Tony Gutentag*, Eran Halperin, Roni Porat, Yochanan E. Bigman, Maya Tamir

*Corresponding author for this work

Research output: Contribution to journalArticlepeer-review

56 Scopus citations

Abstract

To succeed in self-regulation, people need to believe that it is possible to change behaviour and they also need to use effective means to enable such a change. We propose that this also applies to emotion regulation. In two studies, we found that people were most successful in emotion regulation, the more they believed emotions can be controlled and the more they used an effective emotion regulation strategy–namely, cognitive reappraisal.
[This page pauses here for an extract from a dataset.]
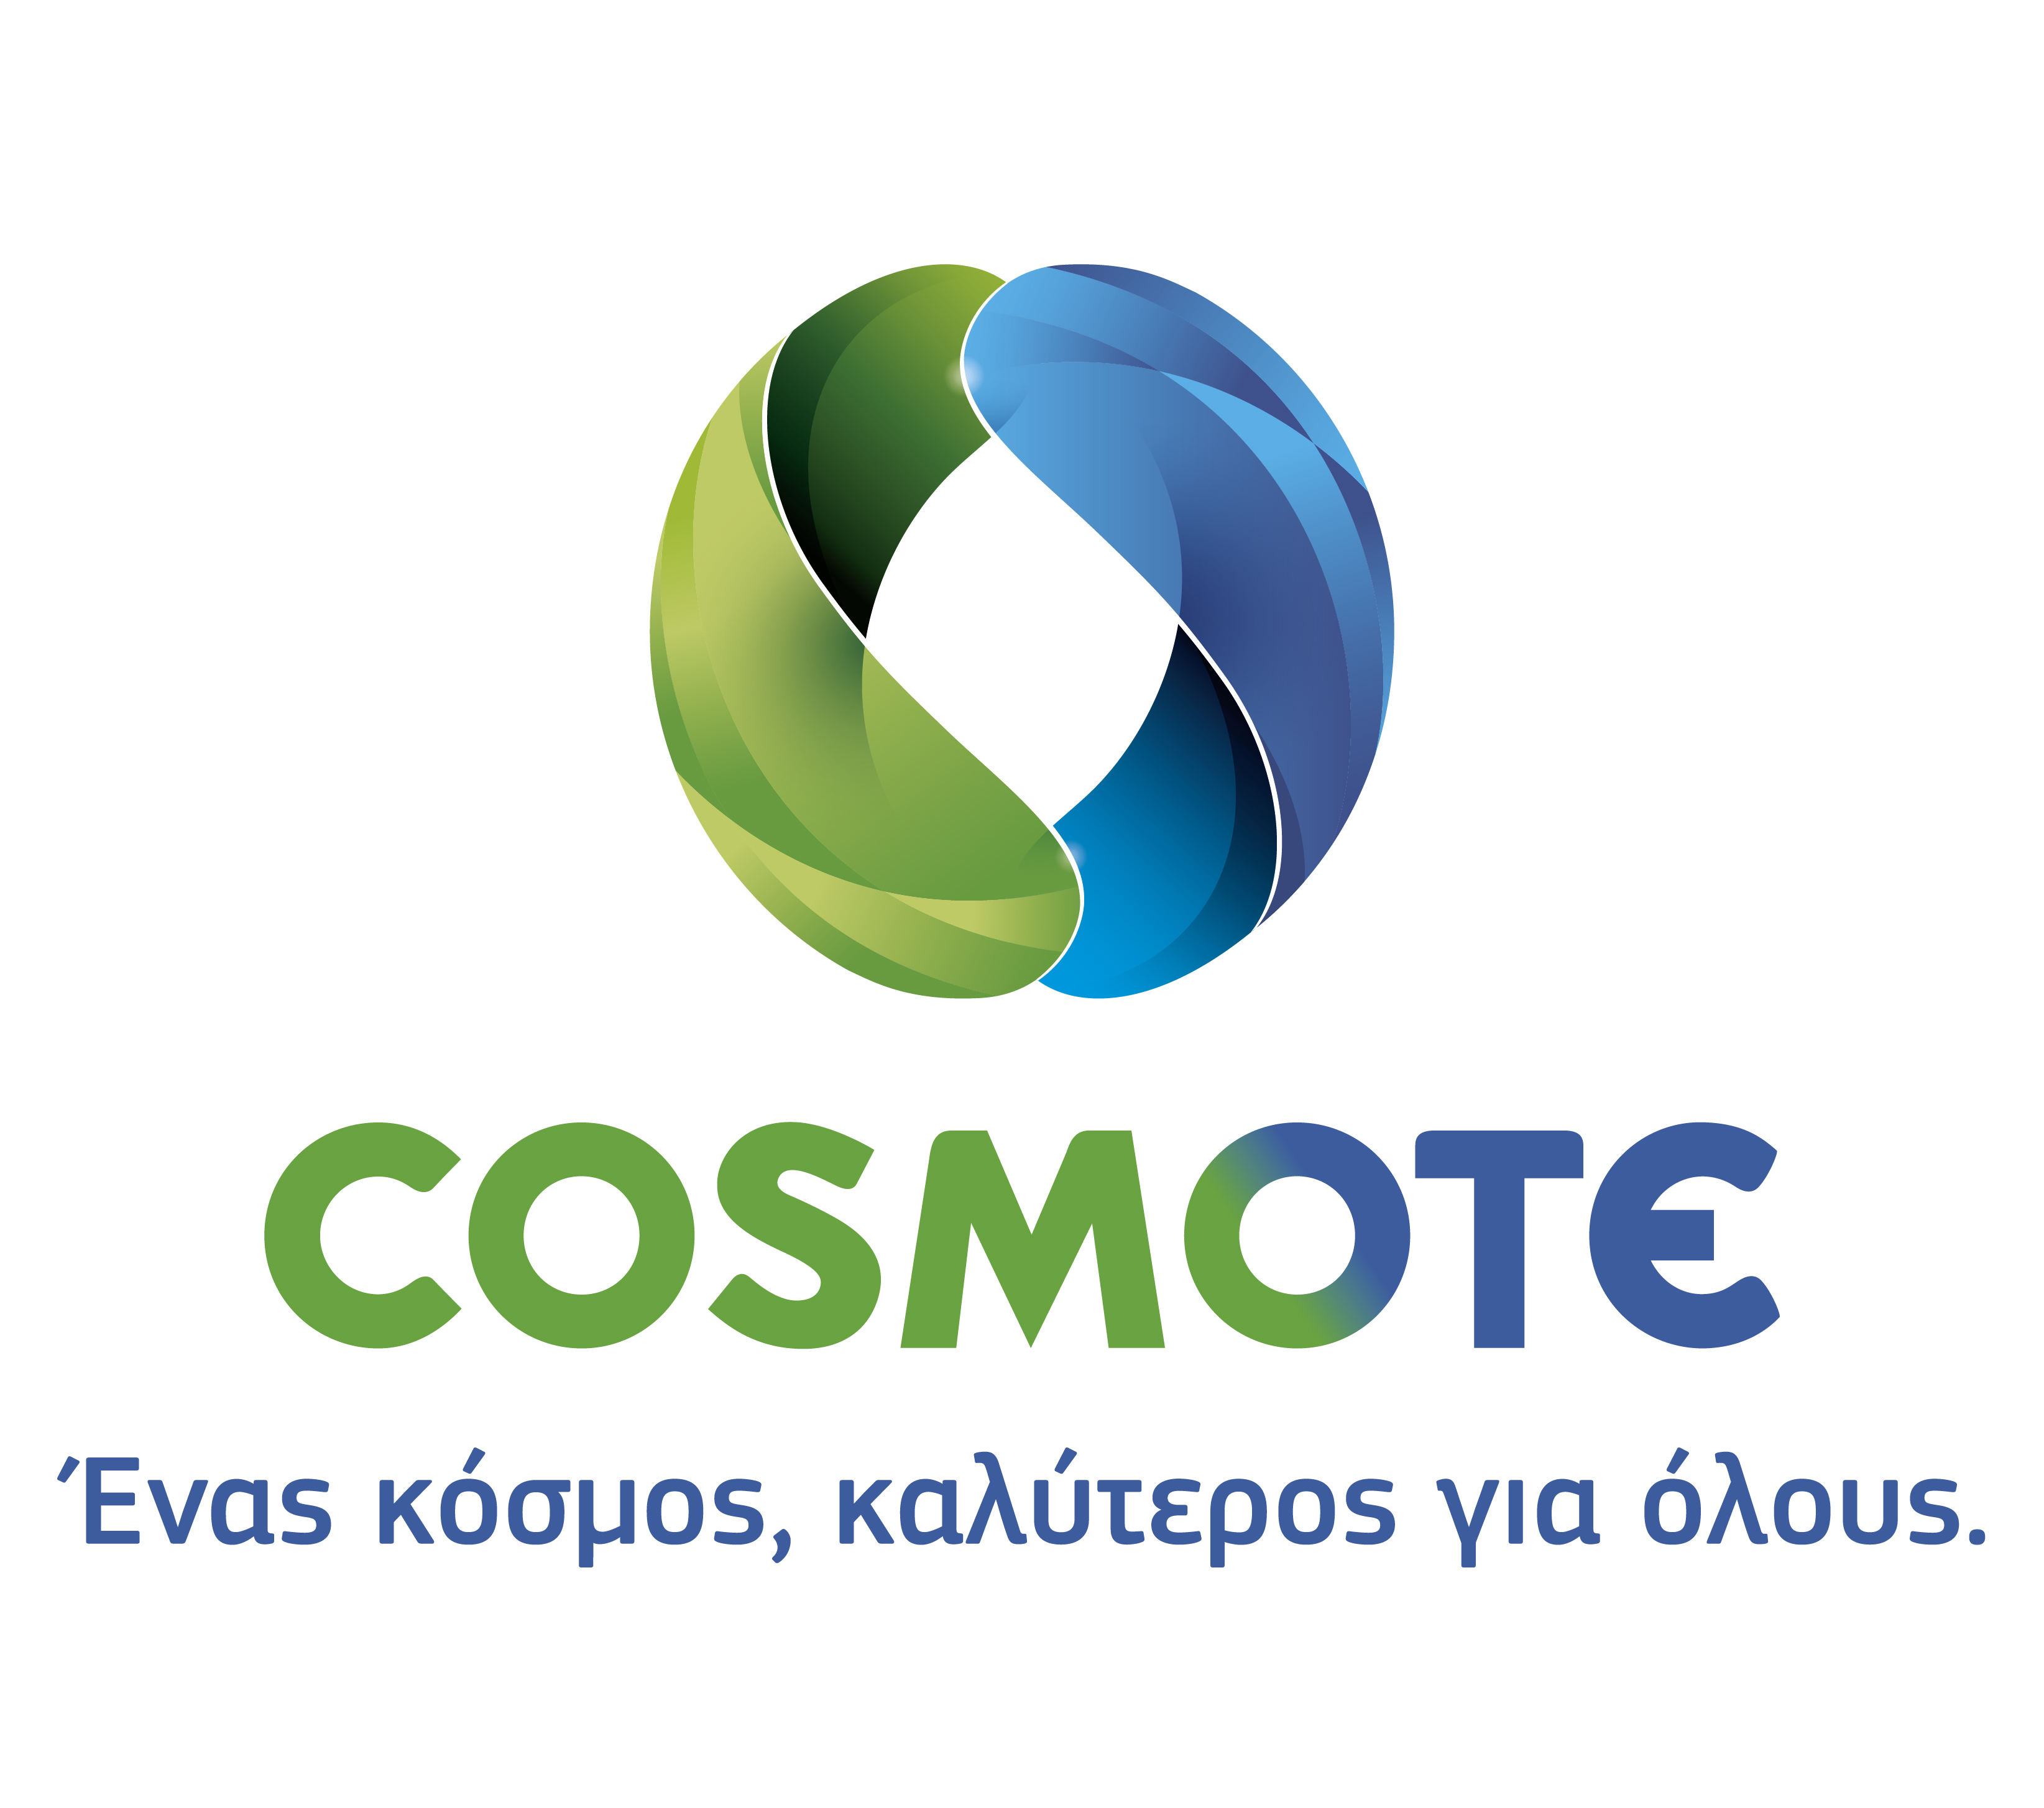 Η Cosmote διευκολύνει την επικοινωνία από και προς τον Λίβανο

Cognitive reappraisal moderated the link between beliefs about the controllability of emotion and success in emotion regulation, when reappraisal was measured as a trait (Study 1) or manipulated (Study 2). Such moderation was found when examining the regulation of disgust elicited by emotion-inducing films (Study 1), and the regulation of anger elicited by real political events (Study 2). We discuss the implications of our findings for research and practice in emotion regulation.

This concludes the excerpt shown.